La recensione dei primi due episodi della prima stagione della serie animata Solar Opposites

Justin Roiland, co-creatore di Rick and Morty e Mike McMahan hanno ideato con Solar Opposites un ironico e folle approccio alla società contemporanea proponendo una serie animata per adulti che sfrutta la premessa dell’arrivo degli alieni sul nostro pianeta per proporre una storia irriverente, esilarante e che usa la violenza in modo inaspettato e sorprendente.

Al centro della trama c’è una famiglia di alieni che si ritrova sulla Terra dopo che il loro pianeta, Shlorp, è stato colpito da un asteroide. Korvo (nella versione originale doppiato da Roiland) cerca di ricostruire la nave spaziale e andarsene in fretta da un luogo che considera fin troppo popolato, mentre Terry (Thomas Middleditch) ha un approccio più leggero e ironico alla situazione, apprezzando molti aspetti della vita sulla Terra. I giovani replicanti Yumyulack (Sean Giambrone) e Jesse (Mary Mack) devono invece affrontare la vita al liceo, ritrovandosi in difficoltà nel capire le regole da seguire e gestire le interazioni con gli altri esseri umani, situazione che li porta molto spesso a reagire in modo cruento o trasformando il prossimo, non realmente consapevoli delle conseguenze delle proprie azioni. Sulla Terra è poi arrivata Pupa, una creatura destinata ad evolversi e distruggere la Terra, ricreando Shlorp.

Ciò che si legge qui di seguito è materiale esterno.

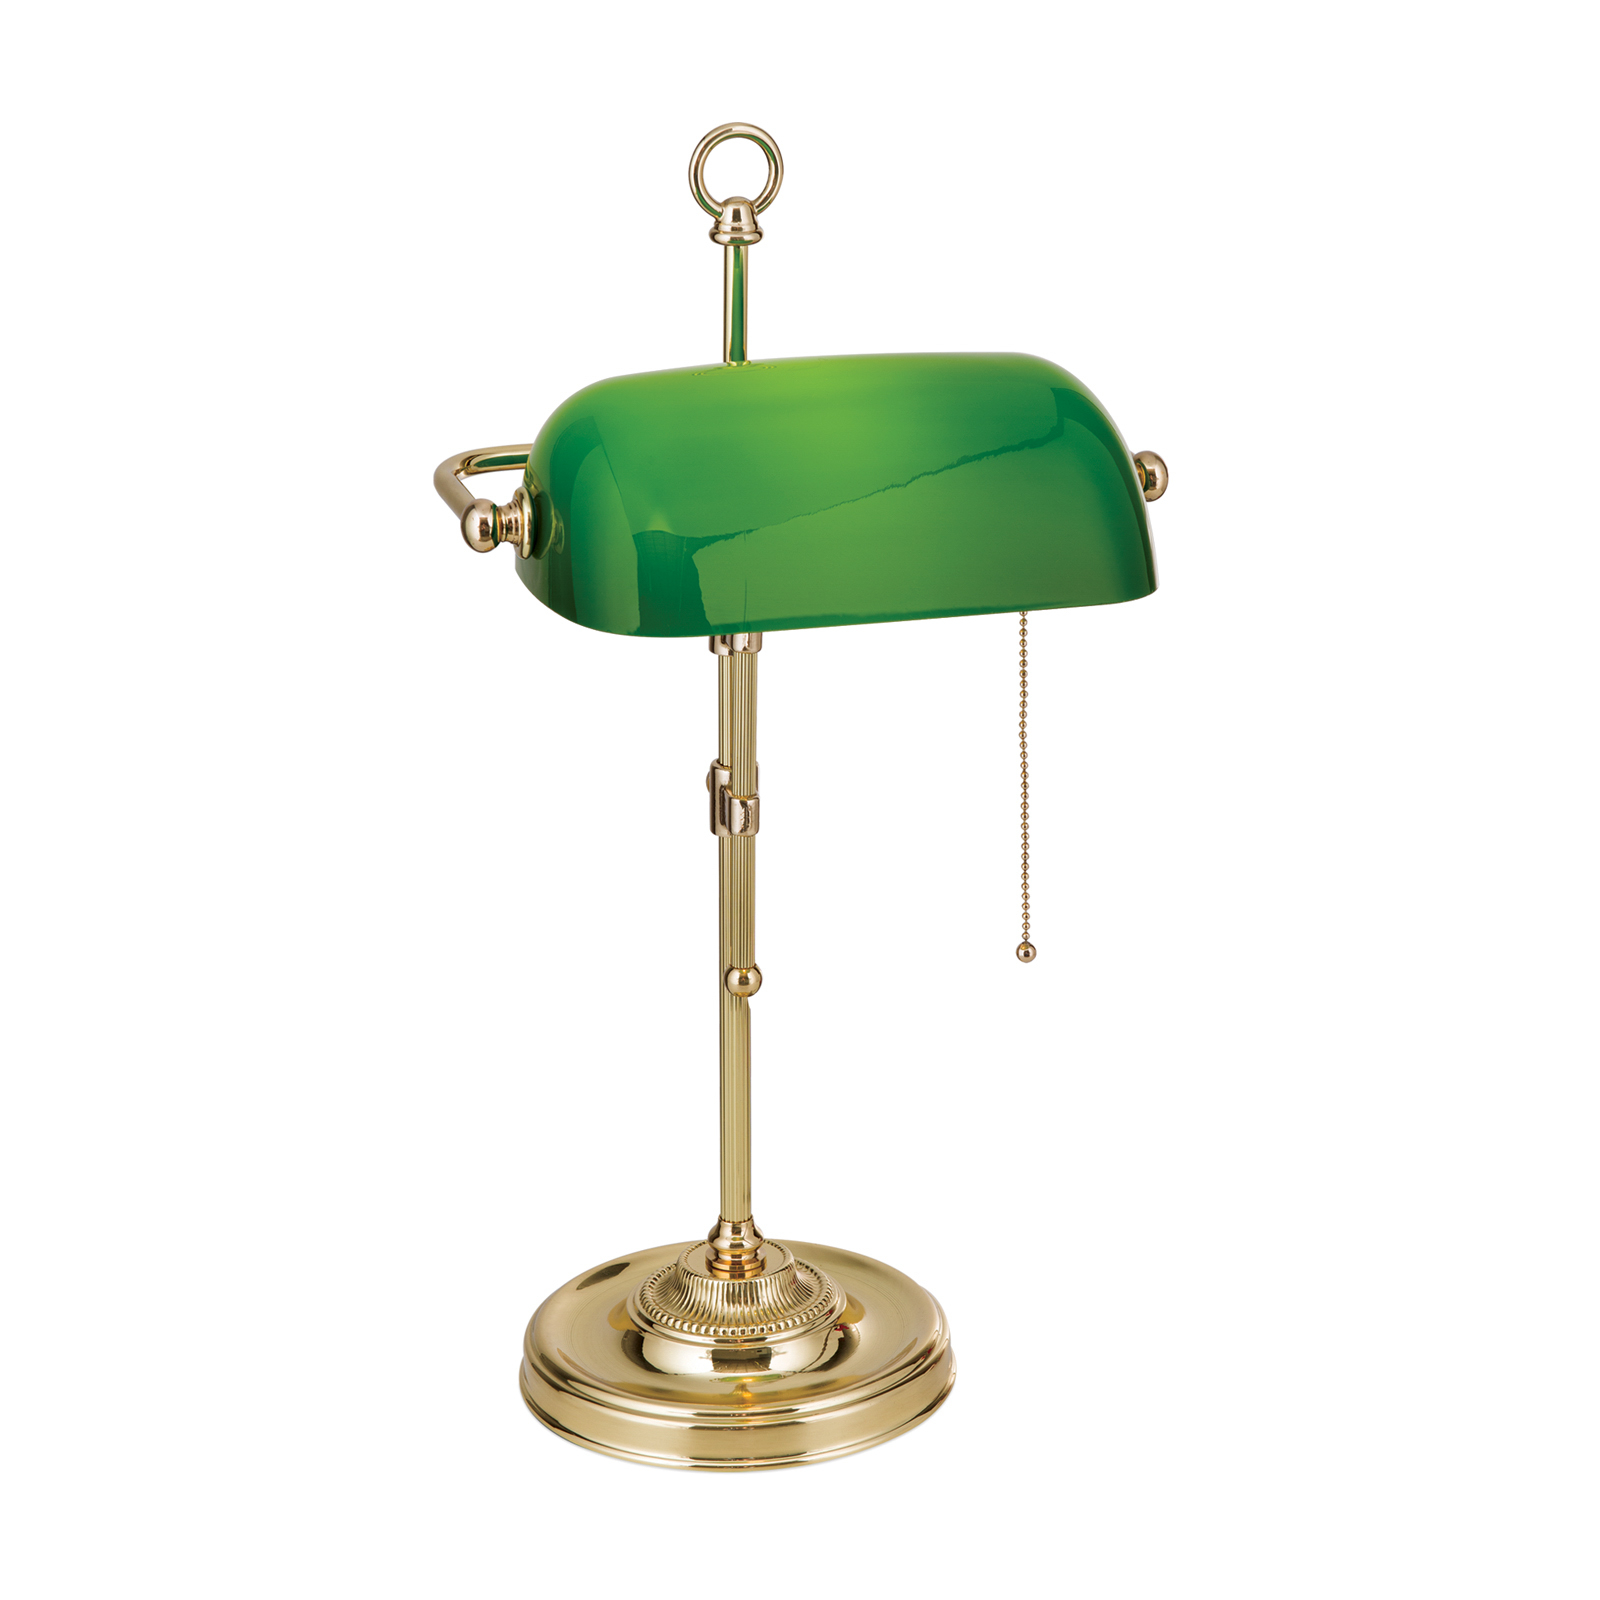 Harvard banker’s lamp, pull switch, brass/green

La serie Solar Opposites arriva ora su Star, la nuova sezione destinata a un pubblico adulto di Disney+, con le prime due puntate che permettono di avvicinarsi ai protagonisti e alla storia.
Nel primo episodio Korvo e Terry diventano gandi fan di un programma televisivo, Funbucket, e decidono di creare realmente la creatura al centro della trama dopo aver scoperto che non esiste nella realtà. Yumyulack e Jesse si trovano invece in difficoltà a scuola e decidono di “restringere” Lydia, che li ha presi di mira, sperando di studiarla per capire i comportamenti umani. Entrambe le situazioni non andranno esattamente come previsto inizialmente, causando non pochi problemi alla famiglia.
Nella seconda puntata, invece, Korvo e Terry sfruttano la tecnologia per scoprire cosa pensano di loro i vicini, mentre Jesse prova a convincere Yumyulack che gli esseri umani sono generalmente buoni dovendo però fare i conti con intolleranze e incomprensioni. Gli abitanti che si sono imbattuti nei due giovani replicanti, inoltre, si ritrovano in una realtà pericolosa e inaspettata.

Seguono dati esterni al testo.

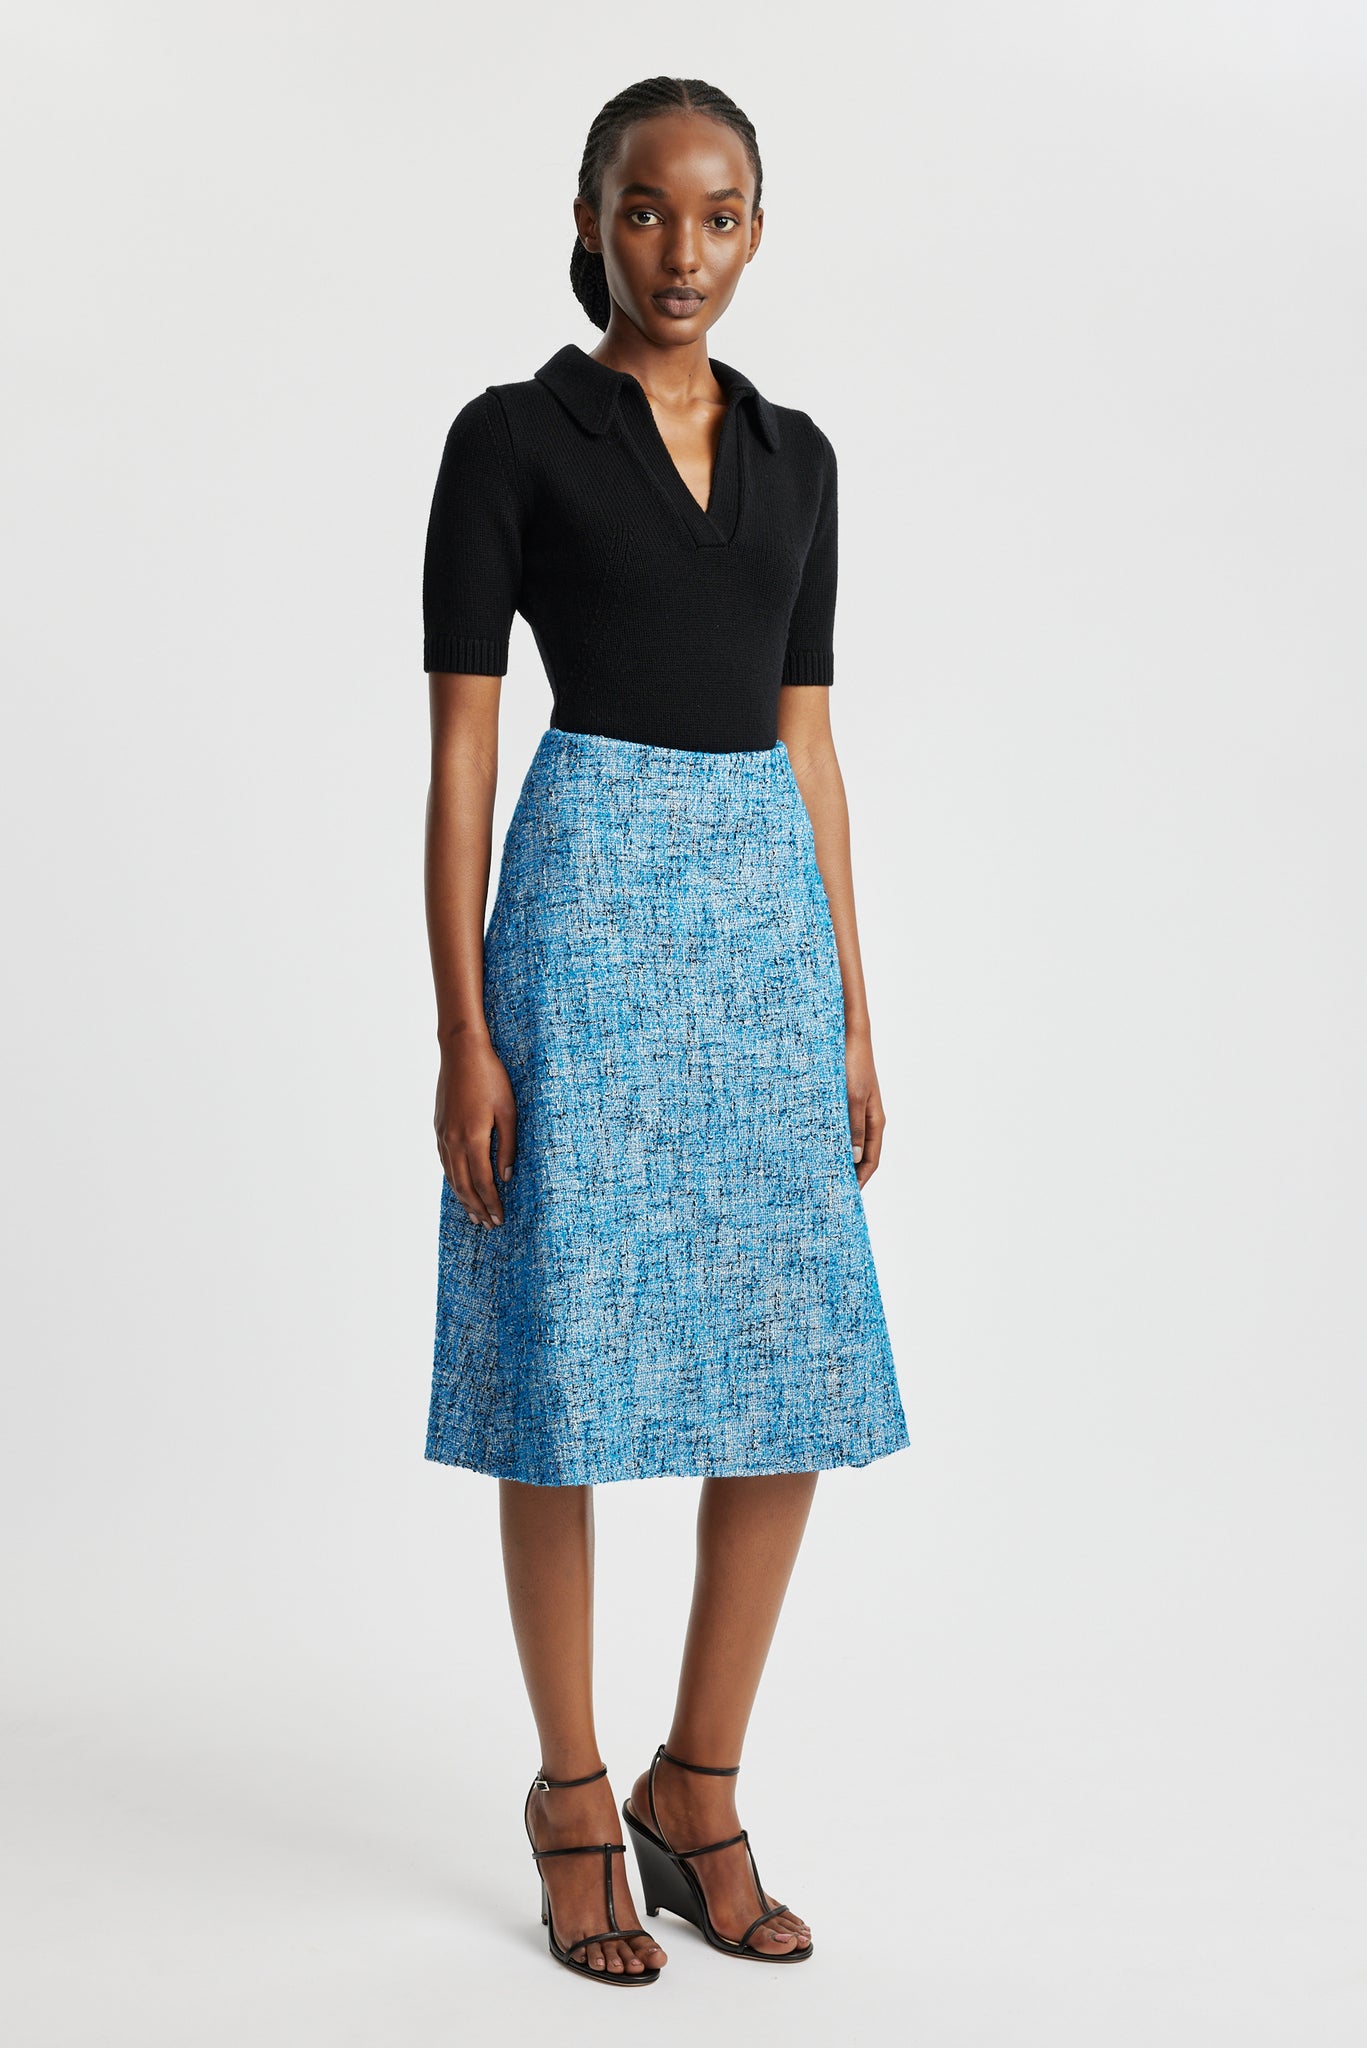 Tamsyn Skirt In Blue Cotton Tweed | Emilia Wickstead

Solar Opposites -- Episode 101 -- The Matter Transfer Array -- Uh oh! Korvo and Terry make a Funbucket real while the replicants deal with a school bully. (Photo courtesy of FOX)

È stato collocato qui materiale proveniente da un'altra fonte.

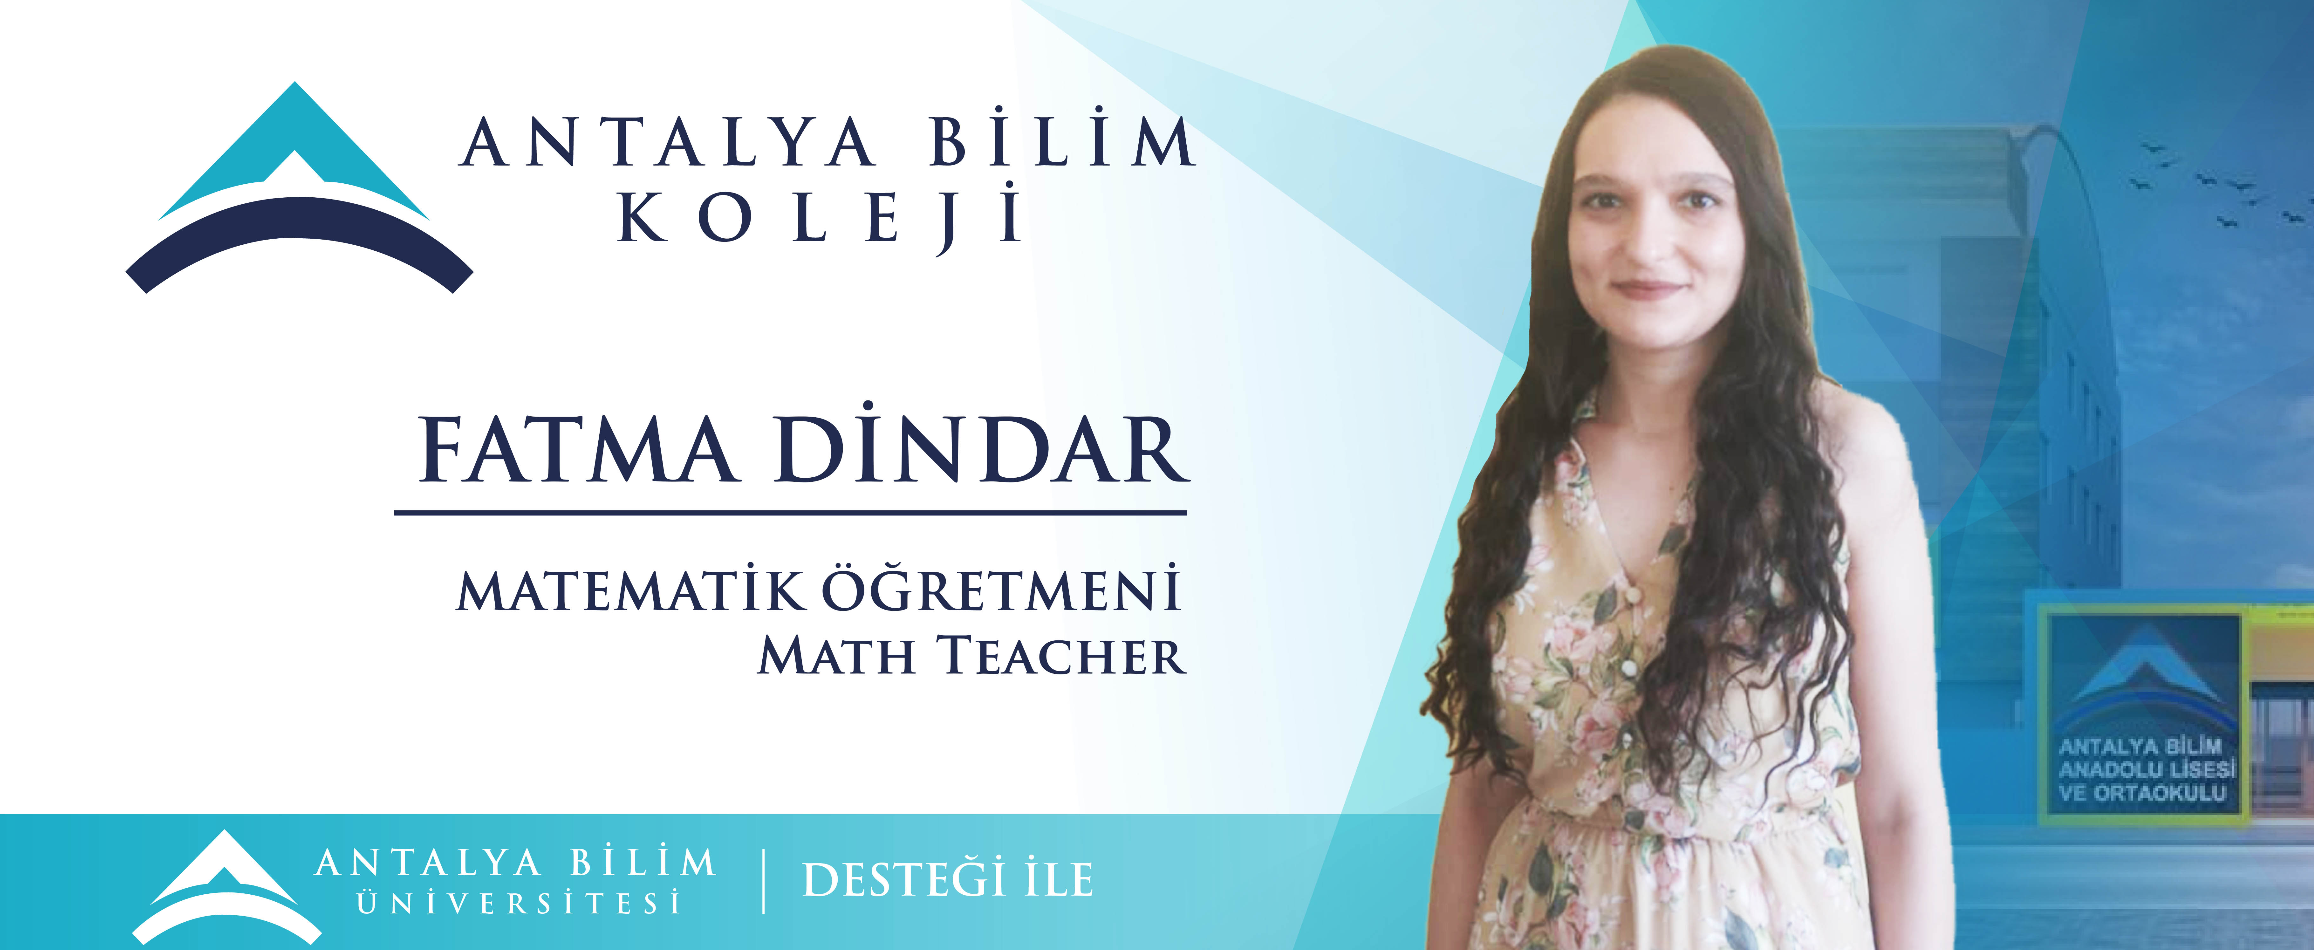 Fatma Dindar

Visivamente Solar Opposites ricorda, come prevedibile, Rick and Morty, tuttavia la serie animata riesce a trovare fin da subito la propria identità. La scelta di iniziare il racconto con i protagonisti già da tempo sulla Terra permette di mostrarli fin da subito con i loro diversi approcci all’umanità, di cui emerge il lato forse peggiore, cinico e pieno di contraddizioni. I quattro alieni vivono infatti in prima persona incomprensioni, bullismo, intolleranza, tradimenti e pregiudizi, il tutto affrontato con un approccio in equilibrio tra l’inconsapevolezza legata alla loro origine aliena e l’innocenza della loro giovane età, situazione che giustifica anche i momenti più violenti e le scelte meno razionali. Gli alieni, seppur con diverse motivazioni, sembrano inizialmente sempre animati da buone intenzioni che vanno in mille pezzi scontrandosi con la realtà della vita sulla Terra e danno vita a conseguenze inaspettate e in bilico tra effetti esilaranti e disturbanti. Osservare i comportmenti umani dalla prospettiva dei quattro alieni è comunque interessante e un’idea irriverente e provocatoria che lascia la curiosità di scoprire cosa accadrà in futuro.
I contenuti privi di filtri, morali ed etici, potrebbero allontanare parte degli spettatori, ma il nuovo show possiede più di un elemento che ne motiva la visione a partire dalla presenza di Pupa che è irresistibile e si inserisce immediatamente tra i personaggi secondari che rubano la scena ai protagonisti, suscitando immediatamente il desiderio che vengano realizzate puntate totalmente dedicate alle sue avventure.

I primi due episodi della serie animata Solar Opposites, al centro della nostra recensione, conquisteranno chi è alla ricerca di una storia che offre un approccio tagliente alla società contemporanea, riuscendo inoltre a regalare molta leggerezza e divertimento.